Его грустные мысли развеял гвардеец, он же стражник, он же придверный лакей, что достался по наследству от отца:
— В соответствии с указаниями вашего молодого величества Фрейр-Юлиана, их светлости Арминаль де Шарменуаз и Сентемир де Октомбер доставлены и ждут в кордегардии, — доложил он.
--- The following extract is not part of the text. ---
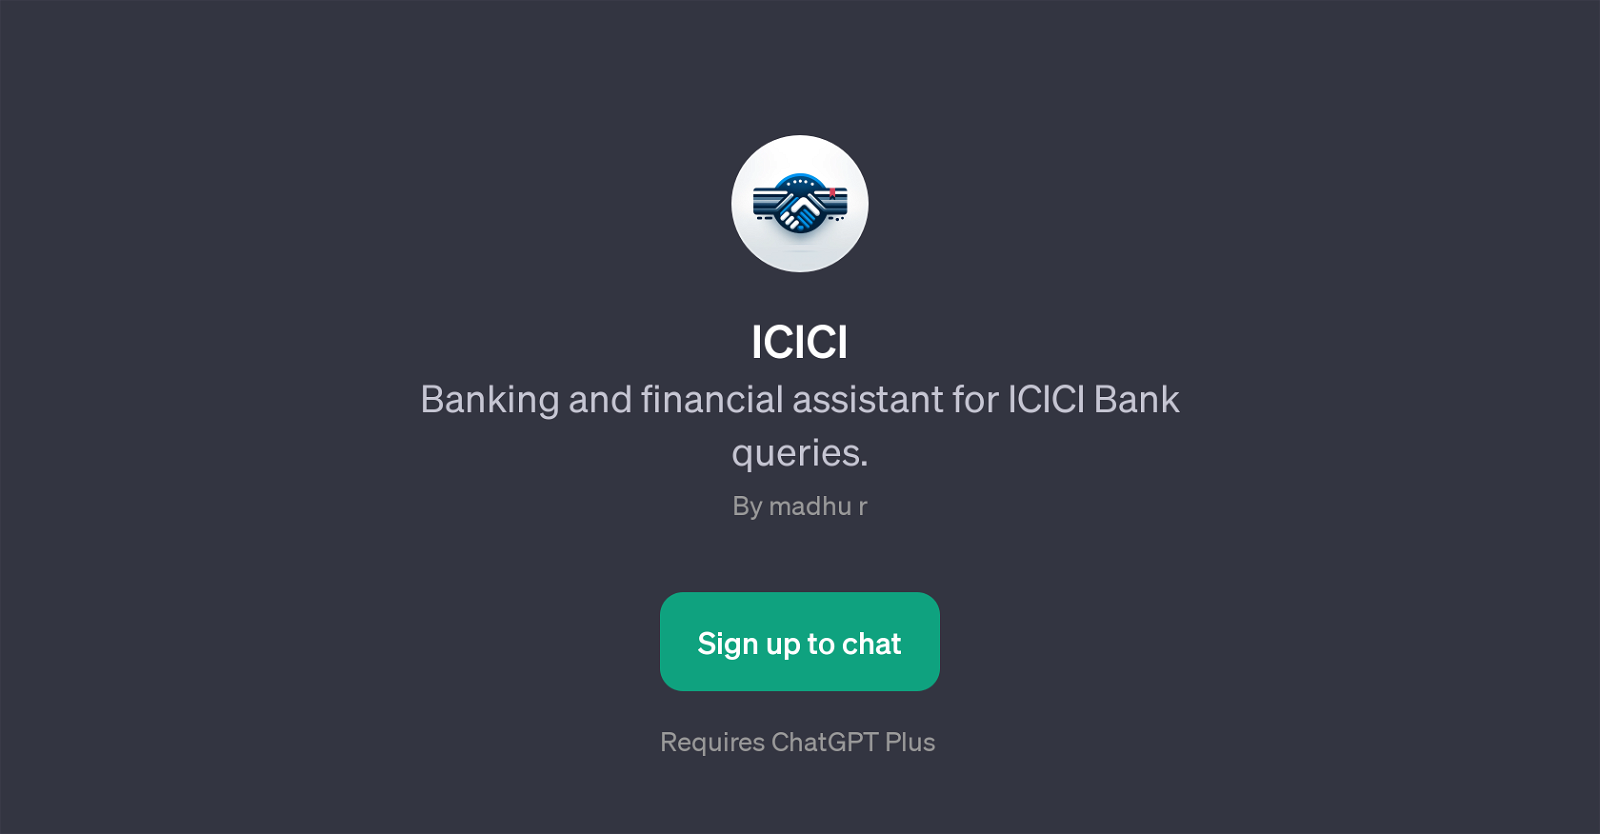 ICICI website
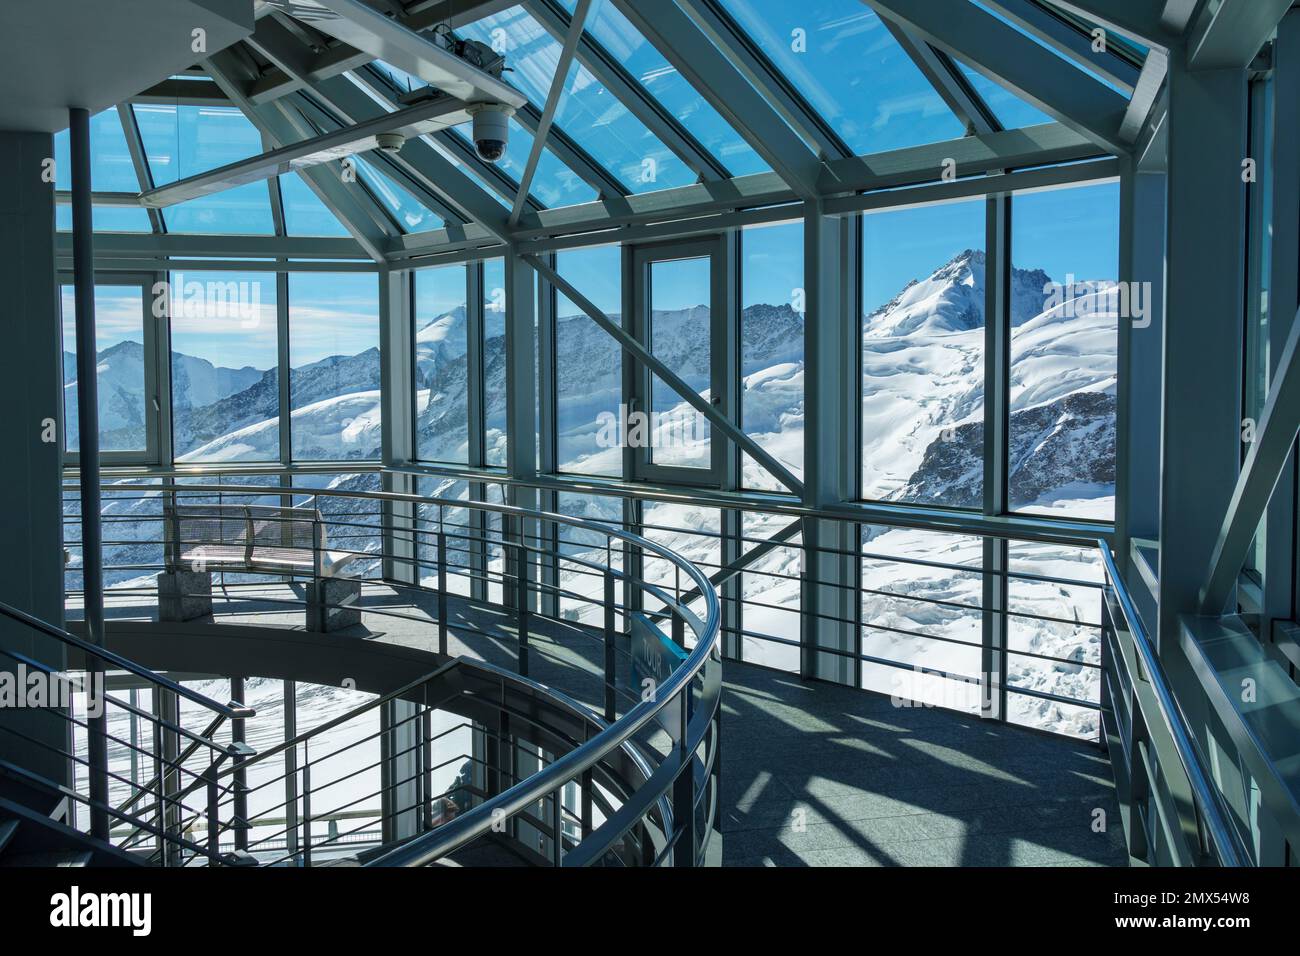 Intérieur architectural en verre et en métal avec ombres et vue alpine enneigée - horizontale Banque D'Images

«Хм, поскольку они маркизы, способней именовать их просто милордами, — подумал сам Фрейр-Юлиан. — В качестве сниженной альтернативы. Но поелику на титул претендуют весьма и весьма милые особы — так и быть, поддержим планку повыше. Нет, вот ведь какой чепухой приходится забивать голову».
— В какую кордегардию помещены эти светлости? Караулку или между дверьми, где кушетка для ночной смены?
— В караулке они, ваша величавость. Тамбур всё-таки не место для неблагонадёжных арестантов.
— Откуда ты взял, Торкель, что они арестованы, — проворчал Юлиан. — По-моему, я вполне учтиво их пригласил. Через охраняемого гонца, а не этой… скоростной голубиной почтой. Письмом на казённом бланке с гербами. Маются теперь среди грубой солдатни и против короля грешат словесно. Хотя и верно: малая прихожая — место интимное.
«Ну, дело у меня к этим благородным готийцам тоже весьма интимного свойства, — подумал король. — И хорошо, что двери двойные с прослойкой, а стража, помимо вот этого типуса, является строго по звонку».
— Что стал навытяжку? — сказал куда громче. — Прикажи вести. И с надлежащим почтением, зараза! С расшаркиваниями или как там в вашей плебейской среде принято!
Пока Торкель управлялся с поручением, сам король размышлял, с чего всё, собственно, заварилось. К делам коронационным и инаугурационным в Вертдоме подходили обстоятельно и с неким даже сладострастием: поговаривали, что короля-Медведя, прадеда самого Фрейра-Юлиана, понуждали вынимать из камня раскалённый клинок, чтобы подтвердить чистоту кровей. Юльку только мурыжили до потери пульса: заставляли принимать регалии из рук новообретённого папаши, приводили к целованию и присяге, водили по главным церквям всех имеющихся в Ромалине религий, заново перевенчивали с крошкой Фре и узаконивали непонятного младенчика по имени Элинор или Илинар, плод раздора, который родился у неё от Фрейра-вертдомца, но отчего-то сильно смахивал на морянское чадо. И до кучи подкрутили к семье резервного мальчишку Арманта, сводного братца Эли.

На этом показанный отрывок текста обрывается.